═════ THE DATA

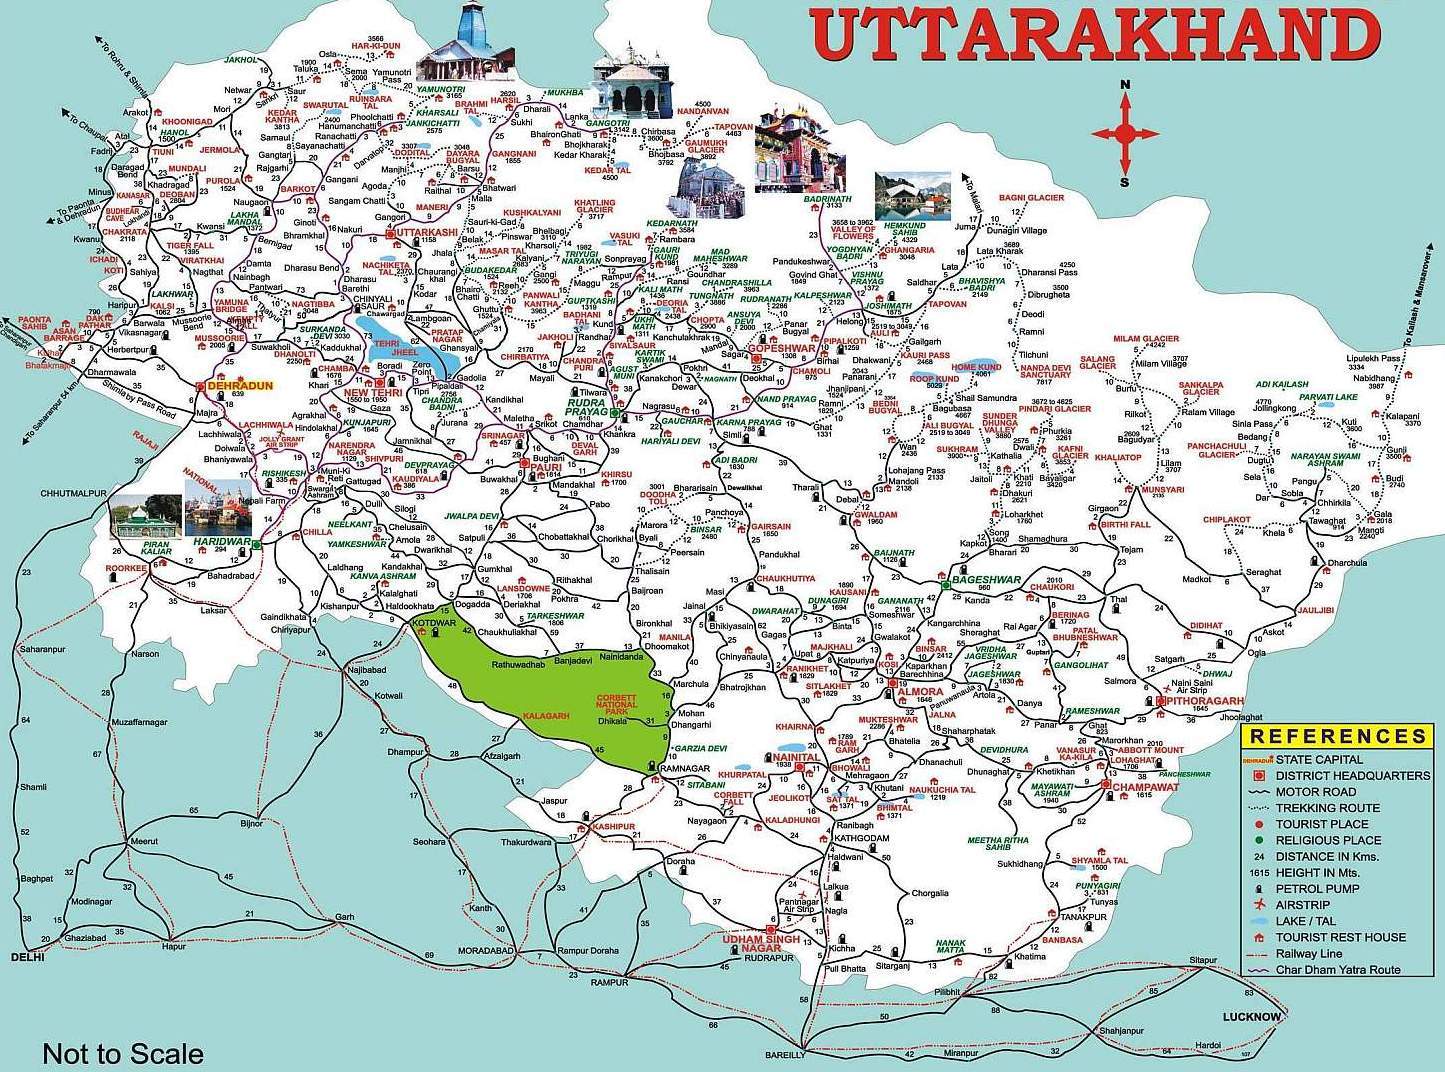 Uttarakhand Tourism Map
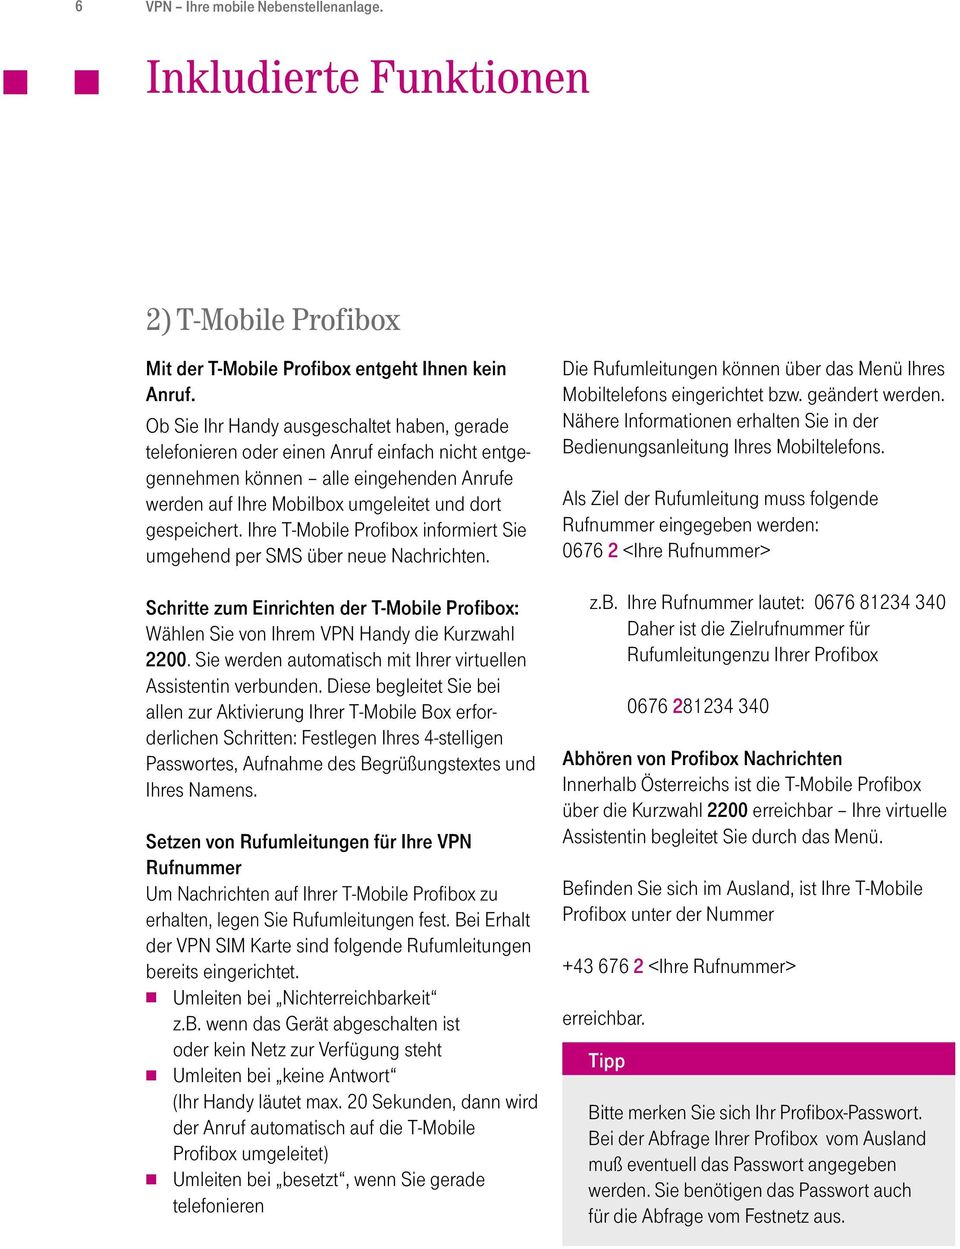 Ihre T-Mobile Profibox informiert Sie umgehend per SMS über neue Nachrichten. Schritte zum Einrichten der T-Mobile Profibox: Wählen Sie von Ihrem VPN Handy die Kurzwahl 2200.
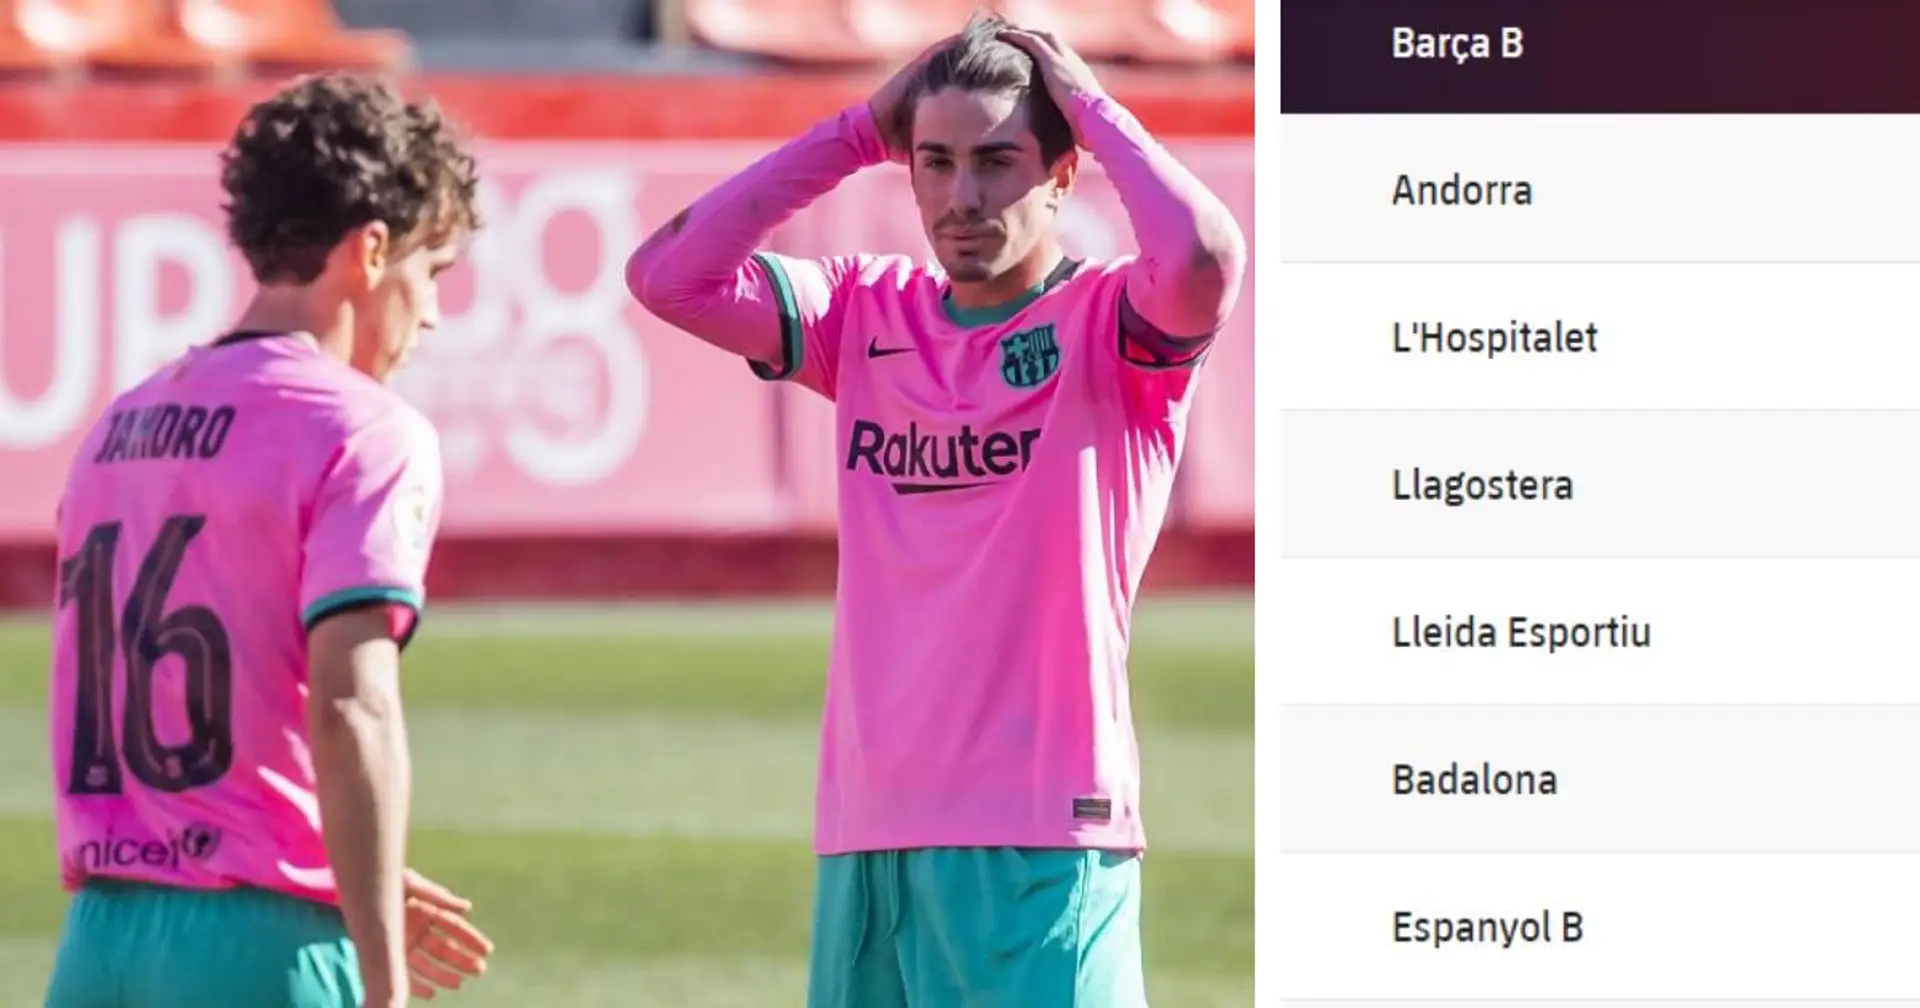 Les espoirs de promotion du Barca B prennent un coup après la défaite face aux leaders du groupe
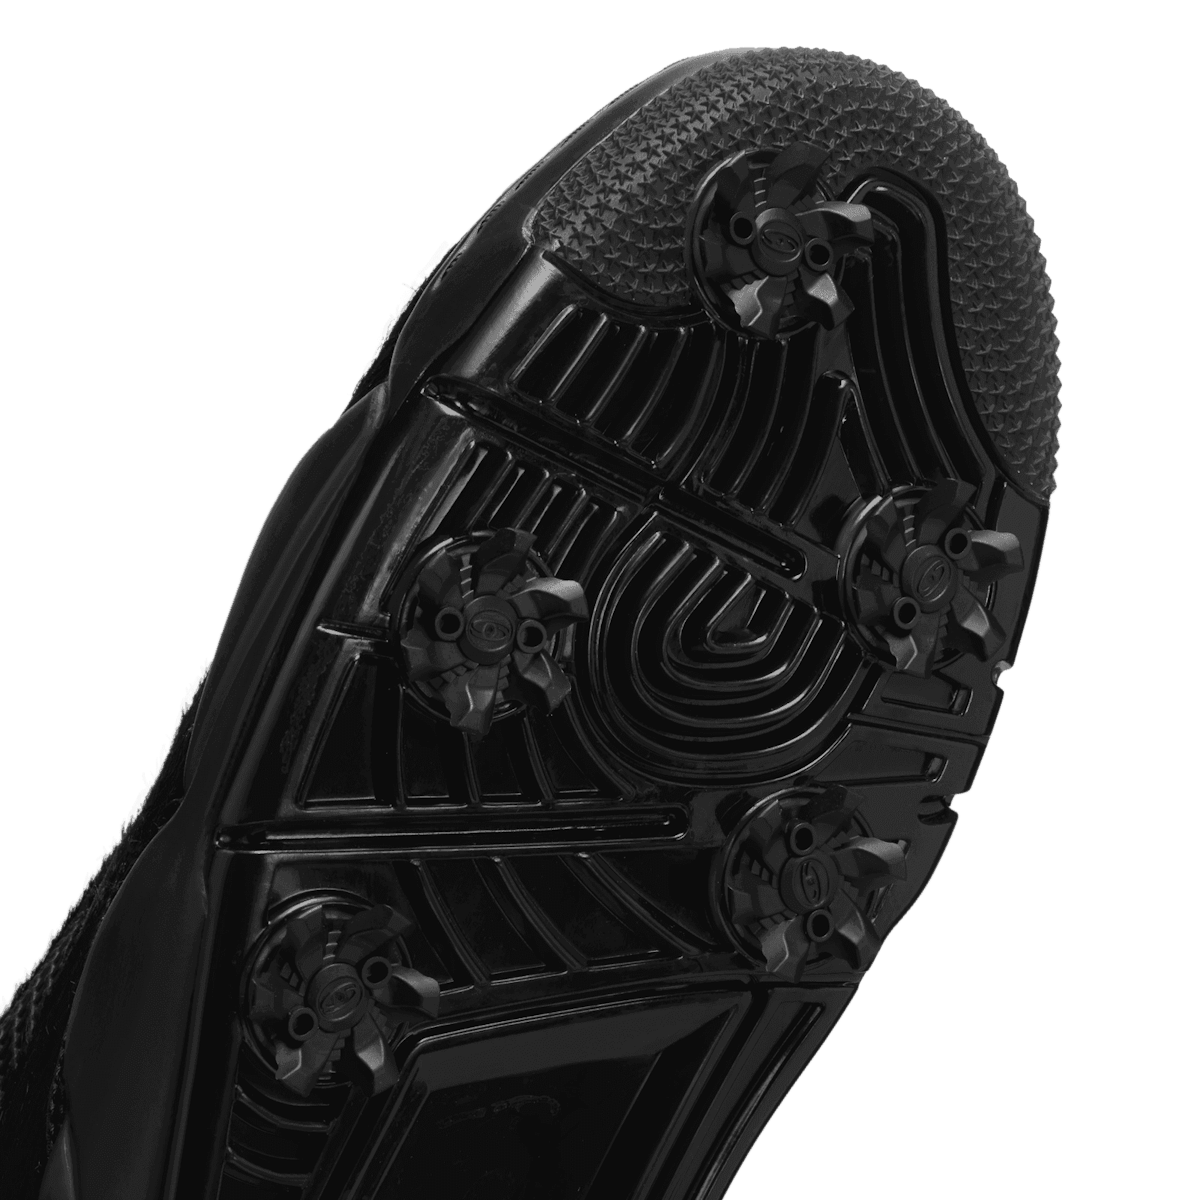 Air Jordan 4 Golf Black Cat CU9981-001 Release Date - SBD
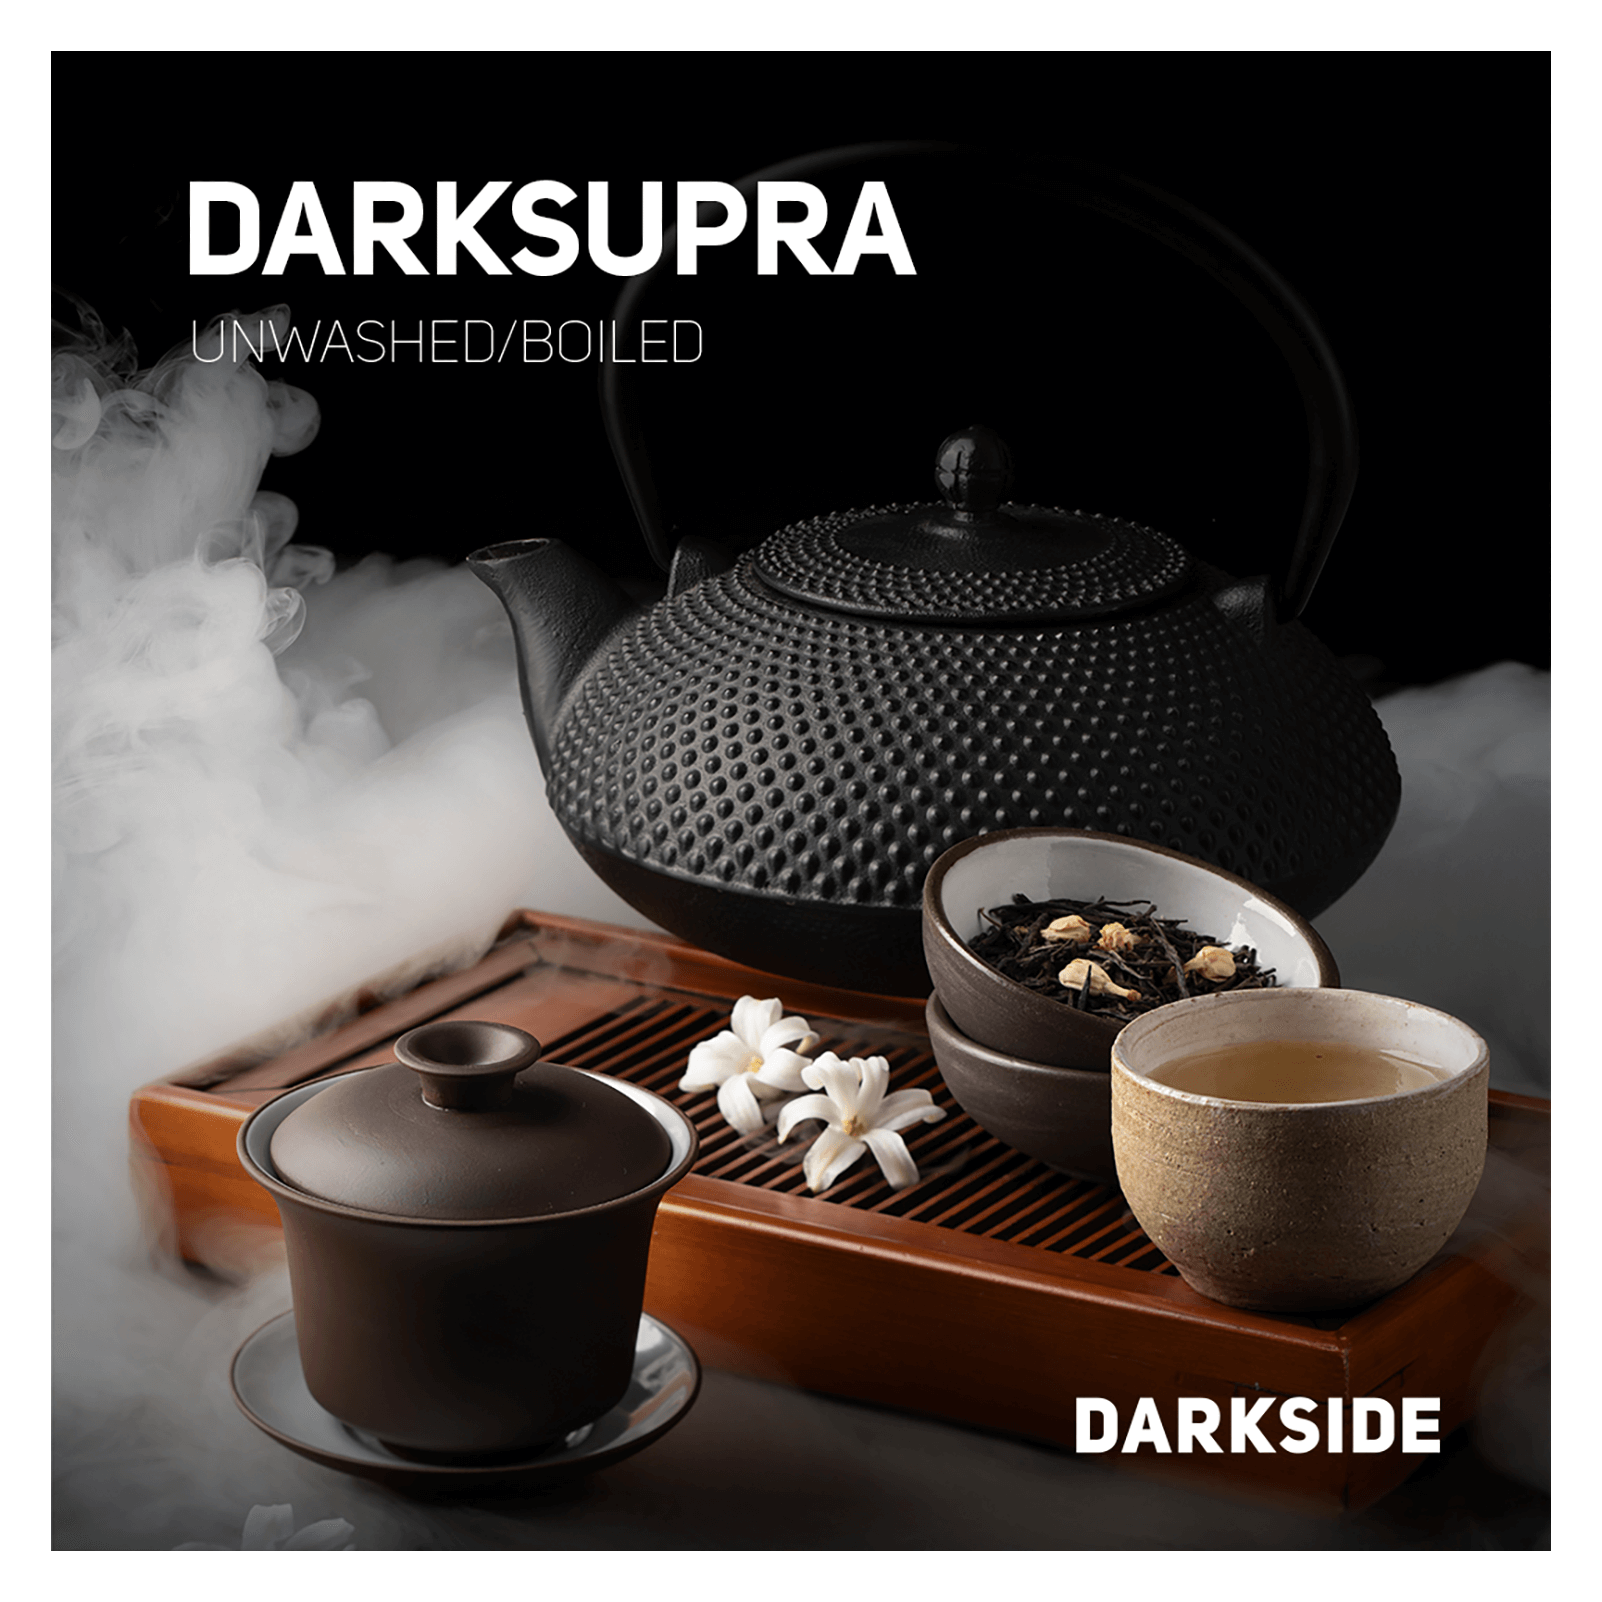 Darkside Core 25g - Darksupra

══════════

__WHAT YOU HAVE TO DO__. The whole of the data needs to be copied word for word, though not its pictures.

__PROBLEM SOLUTION__.
 Uttarakhand Tourism Map
 Ihre T-Mobile Profibox informiert Sie umgehend per SMS über neue Nachrichten. Schritte zum Einrichten der T-Mobile Profibox: Wählen Sie von Ihrem VPN Handy die Kurzwahl 2200.
 Les espoirs de promotion du Barca B prennent un coup après la défaite face aux leaders du groupe
 Air Jordan 4 Golf Black Cat CU9981-001 Release Date - SBD
 Darkside Core 25g - Darksupra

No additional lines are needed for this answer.